Diversifier son arnaque

   Quand le gisement de débiles à portée de votre secte commence à se tarir, c’est qu’il est temps de proposer une offre marchande parallèlement aux dons comme relai de croissance à votre arnaque si bien partie. Pour ce faire, inutile de dépenser des millions en R&D, vendre des séances d’ « élévation de soi » ou des potions à base de plantes pour lutter contre le cancer suffiront amplement. Ce second axe de développement vise à extorquer de l’argent à tous ceux qui ne sont pas suffisamment cons pour croire en bloc à votre histoire de Paradis à 150/mois tout en étant assez désespérés pour penser qu’une crème au ginseng les soignera de leur tumeur du foie ou que des séances de méditation répétées sont à même de faire revenir leur ex-femme. De plus, il y a parmi vos fidèles une pléthore d’exclus du monde du travail qui ne demande qu’à se sentir utile. C’est une formidable opportunité pour votre secte qui pourra ainsi constituer une force de vente servile et bon marché.

    Les grandes entreprises doivent être des cibles prioritaires. La richesse des relations sociales qui y règne et le prestige qu’elles véhiculent donneront un coup de fouet à la propagation de vos idées. Pour les infiltrer, présentez votre secte comme une société de coaching ou toute autre activité qui vous permettra d’avoir un contact privilégié avec des salariés à la merci de votre propagande. C’est là que le recrutement des cadres supérieurs lors de l’étape précédente prend tout son sens.
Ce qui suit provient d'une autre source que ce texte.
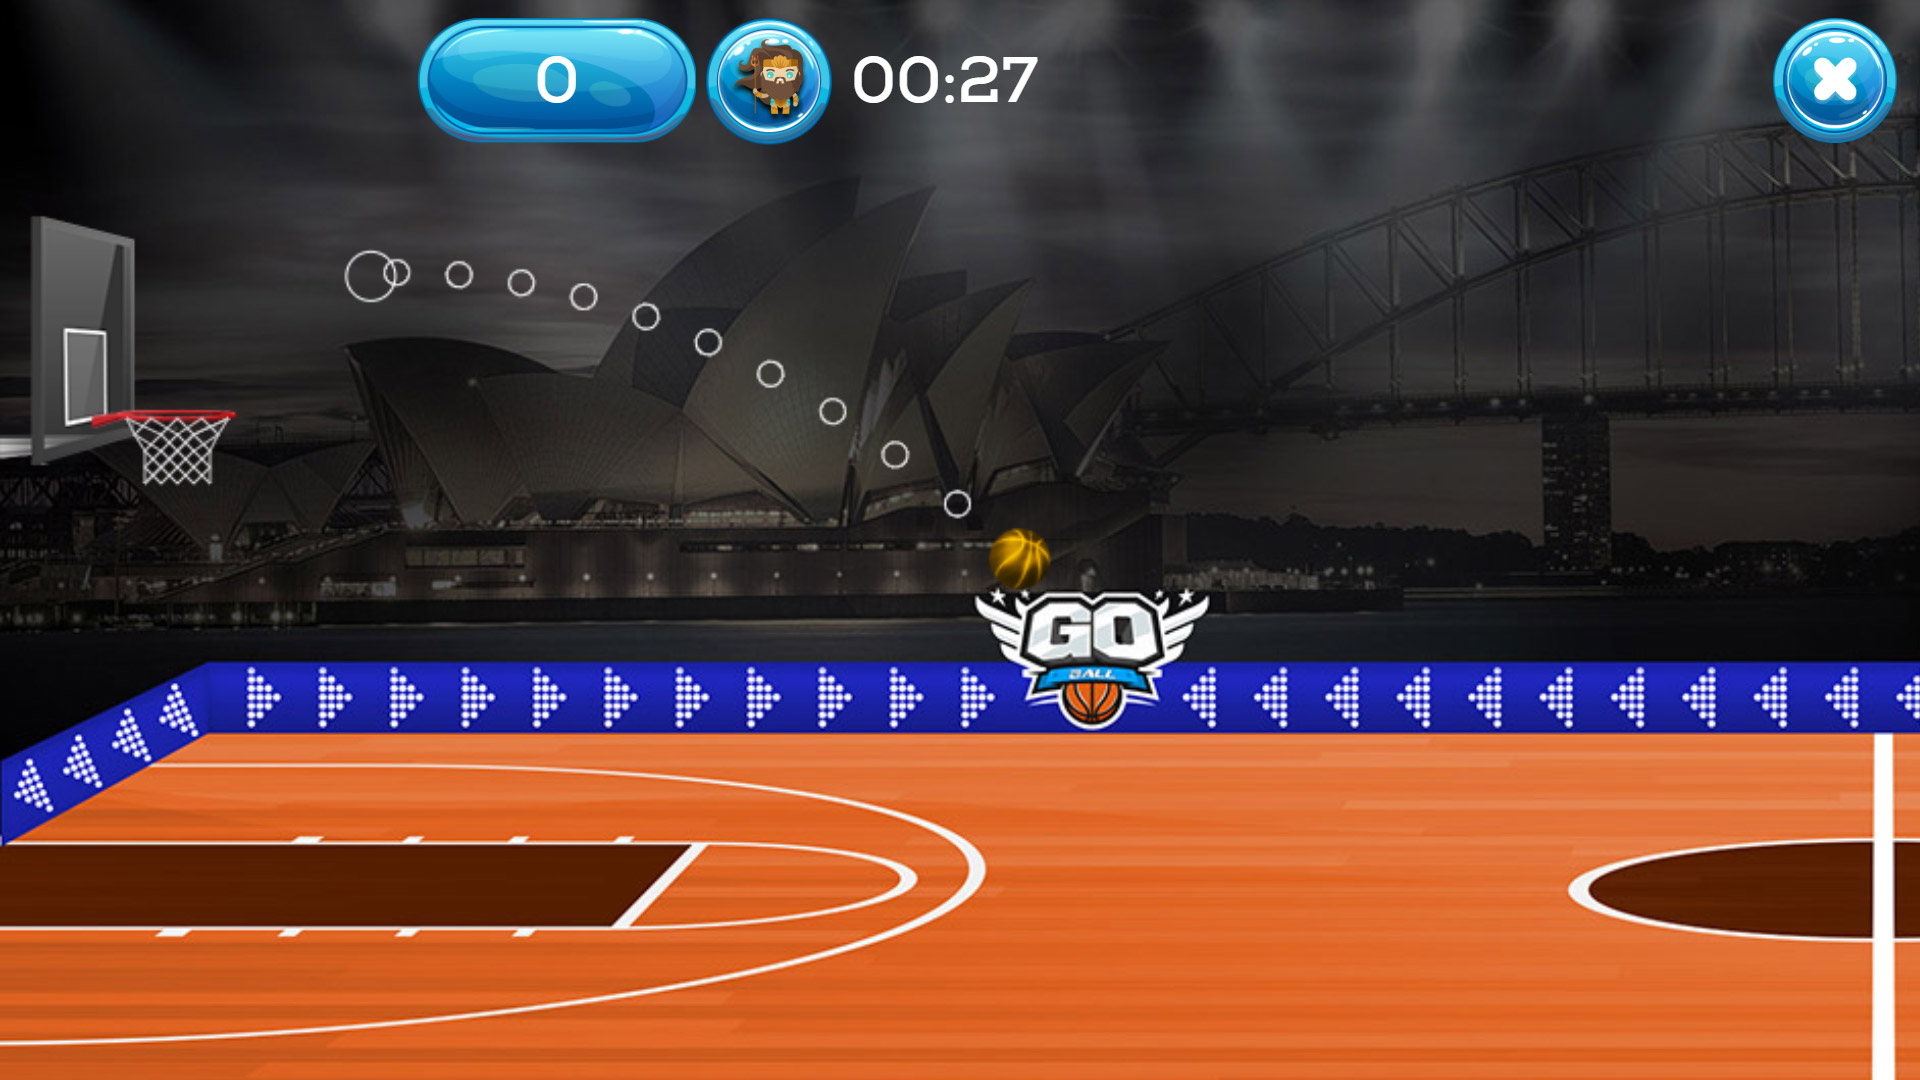 Go Ball - Multiplayer Online Basketball Game

Ce sont eux qui pourront vendre les mérites de vos formations bidons aux dépens des véritables formateurs professionnels auprès de leur entreprise. Un jackpot pour votre secte qui y gagne à la fois de l’argent et une estrade pour son prosélytisme. C’est la méthode qu’a choisi d’employer la Scientologie via sa société de formation Landmark Education International qui propose des cours aux intitulés plus vagues les uns que les autres tel « expression et exploration de soi » qui ne sont que des façades cachant des rites d’initiation inspirés de la doctrine scientologue.

Se détendre…

Comment bien gérer sa secte ?

Enfin amusez-vous ! Gourou est un métier stressant qui demande beaucoup d’investissement, le tout entouré de cas sociaux qui n’arrêtent pas de vous demander pourquoi leur situation ne s’arrange pas. Néanmoins vous êtes le seul prestataire à n’offrir ni plus ni moins que le Paradis et cela comporte un certain nombre d’avantages. Il serait en effet regrettable de ne pas profiter de la masse d’illuminés qui vous suit pour vous divertir un peu. Faites leur faire des courses de roulades à poil dans le métro ou applaudir avec les pieds à la fin de chacune de vos phrases en leur expliquant que Dieu l’a voulu. Le septième ciel se mérite, à défaut d’y parvenir ces abrutis auront au moins réussi à égayer vos journées.